BMR (branches by inputs). Default Mifflin-St Jeor (Mifflin et al., Am J Clin Nutr 1990; Frankenfield 2005). For trained users (≥3 sessions/wk), Ten-Haaf (PLoS One 2014). When body fat is provided, Katch-McArdle (uses LBM directly). Choice driven by O'Neill et al., Sports Med 2023 systematic review showing Mifflin under/over-estimates RMR in athletes.
TDEE. FAO/WHO/UNU 2004 PAL ranges (1.40–2.30), tuned by training frequency. Optional step-count input adds NEAT (~0.04 kcal/step/kg above a 7,000-step baseline). NEAT is the largest source of inter-person TDEE variance (Levine, Best Pract Res Clin Endocrinol Metab 2002).
Cut deficit, intensity-tiered. Conservative −12.5% · Moderate −17.5% · Aggressive −22.5%. Targets 0.5–1.0% of bodyweight loss per week; lean lifters should default to conservative. Garthe et al. IJSNEM 2011; Helms et al. J Int Soc Sports Nutr 2014; ISSN Position Stand on Diets and Body Composition (Aragon et al. 2017).

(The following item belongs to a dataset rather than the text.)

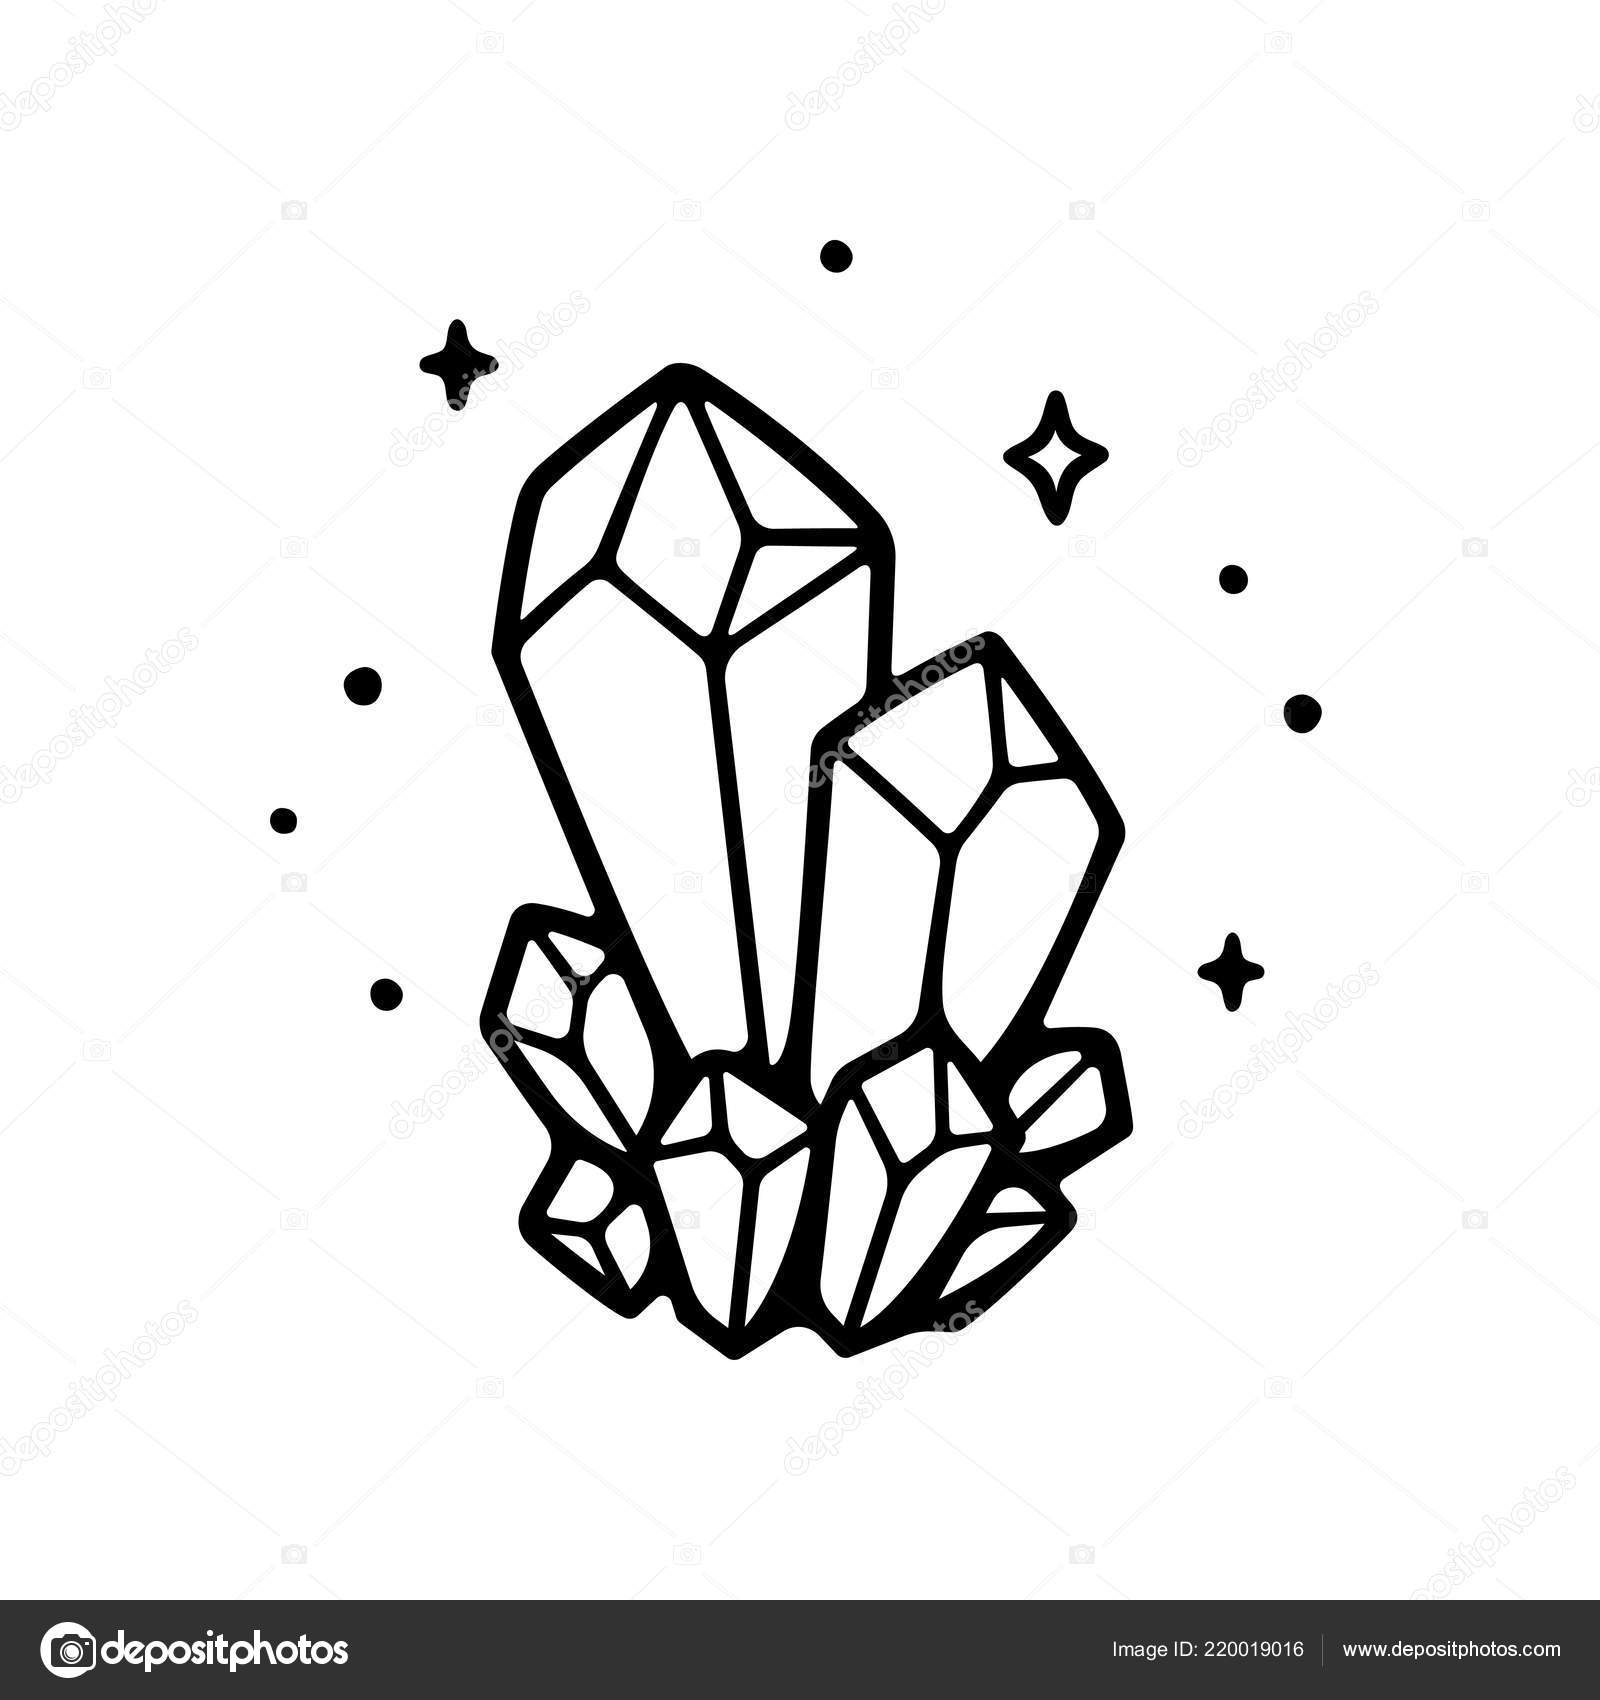 crystal illustration download

Bulk surplus, capped by experience. +7.5% / +12.5% / +17.5%; advanced lifters capped at +10%. Surpluses above +15–20% in trained subjects add fat without adding muscle (Iraki et al., Sports 2019; Ribeiro et al. 2019).
Protein (range, default highlighted). Cut: 2.3–3.1 g/kg LBM if BF known, else 2.0–2.6 g/kg BW (Helms et al. 2014). Bulk / advanced: 1.6–2.4 g/kg, default 2.0. Default reflects newer meta-analyses showing benefits past the older 1.6 g/kg breakpoint with no clear plateau through 2.2–2.4 g/kg in trained subjects (Tagawa et al., Nutr Rev 2020; Nunes et al., J Cachexia Sarcopenia Muscle 2022). Original ISSN/Morton baseline: Morton et al., Br J Sports Med 2018.

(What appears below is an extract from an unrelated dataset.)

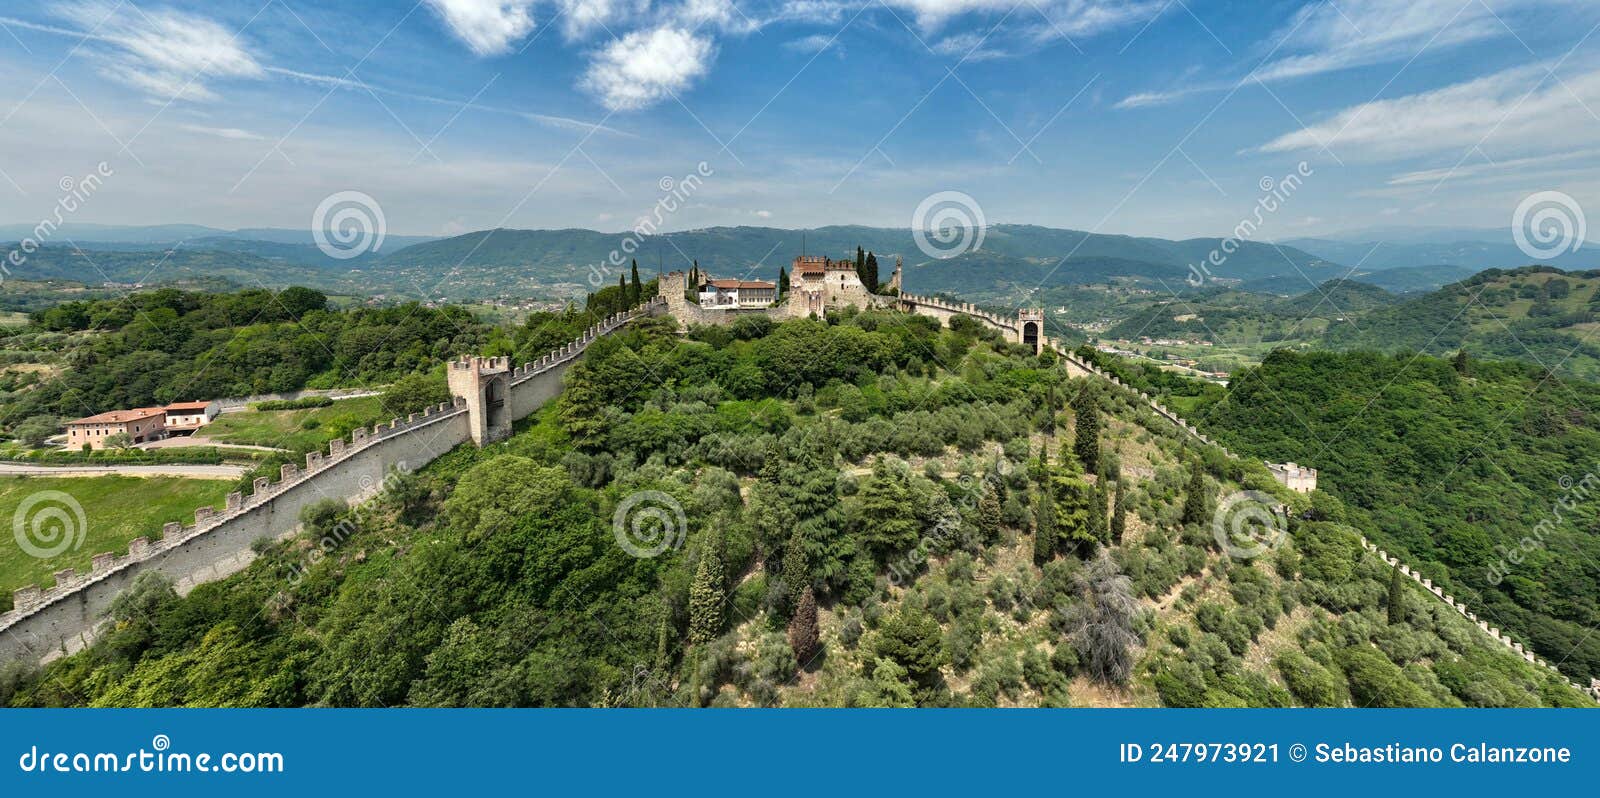 castello superiore di marostica visto dall`alto in una panoramica aerea

Fat. Floor 0.5 g/kg (hormonal health, esp. testosterone in men); 25% of calories as default target. Helms et al. 2014; ACSM 20–35% recommendation; Volek et al. on dietary fat & testosterone.
Carbs. Remainder after protein & fat. Performance floor: 3 g/kg/day for resistance training; 4–7 g/kg optimal for high-volume hypertrophy (Slater & Phillips, Sports Med 2011). Below floor, the calculator warns; below 100 g/day flags unintended keto territory.

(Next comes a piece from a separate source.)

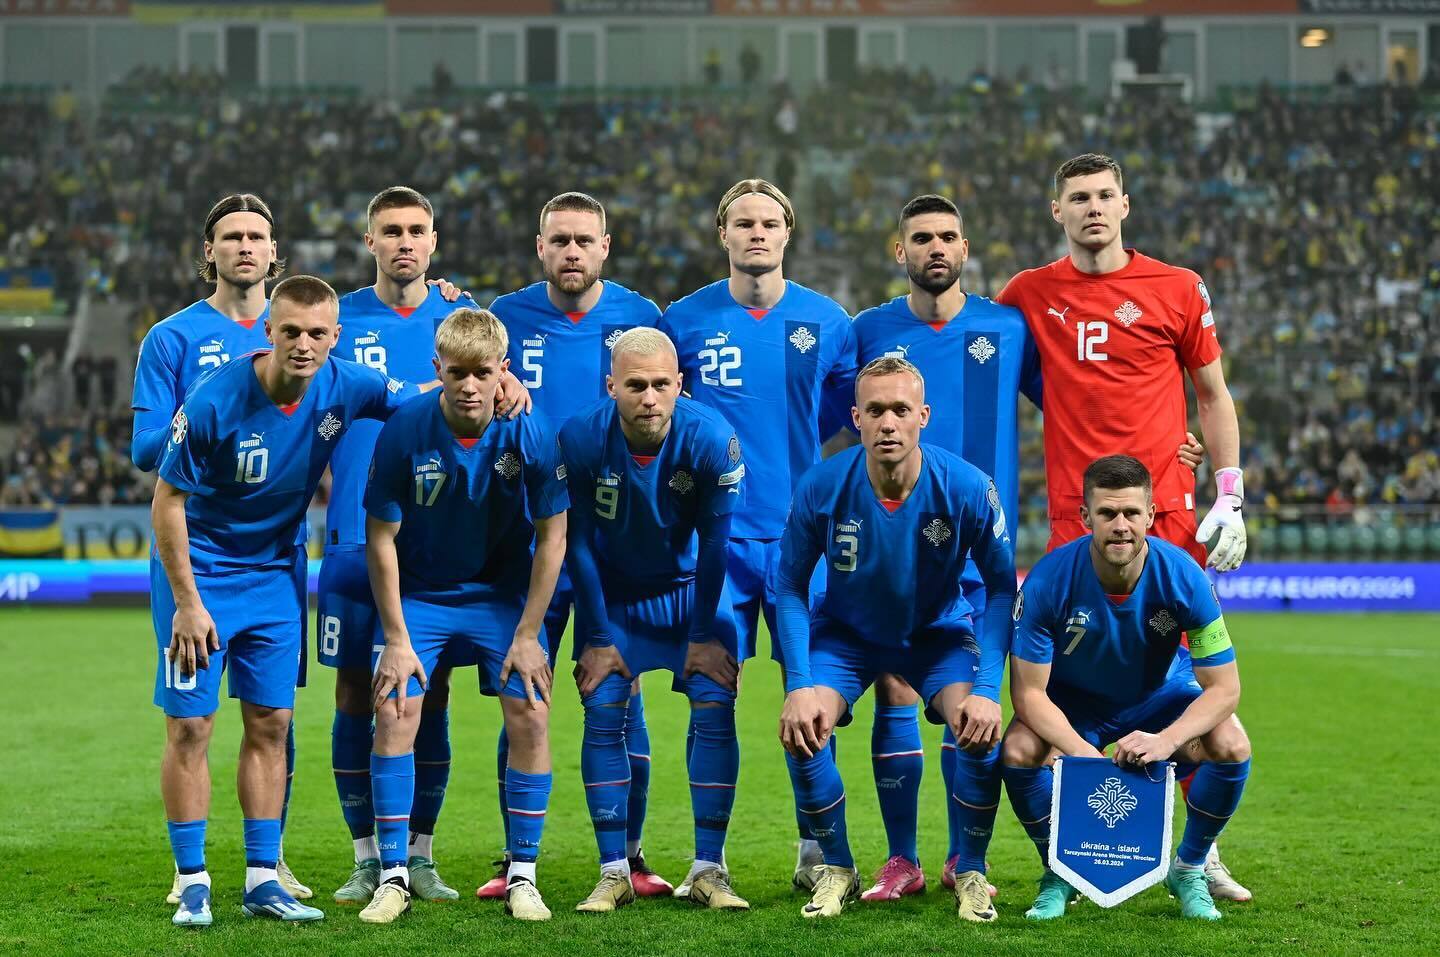 Ісландія встановила історичний антирекорд у матчі з Україною у фіналі плей-оф відбору на Євро

Hard floors. Calories never below BMR for sustained periods. Absolute minimum 1500 kcal (M) / 1200 kcal (W) without clinical supervision.
14-day recalibration. Adaptive thermogenesis means TDEE drops 10–15% beyond predicted on cuts, rises on bulks (Müller & Bosy-Westphal, Obesity 2013). After 14 days the calculator compares actual vs predicted weight change and back-solves an effective-TDEE multiplier — this is what closes the gap between a generic calculator and one that feels custom.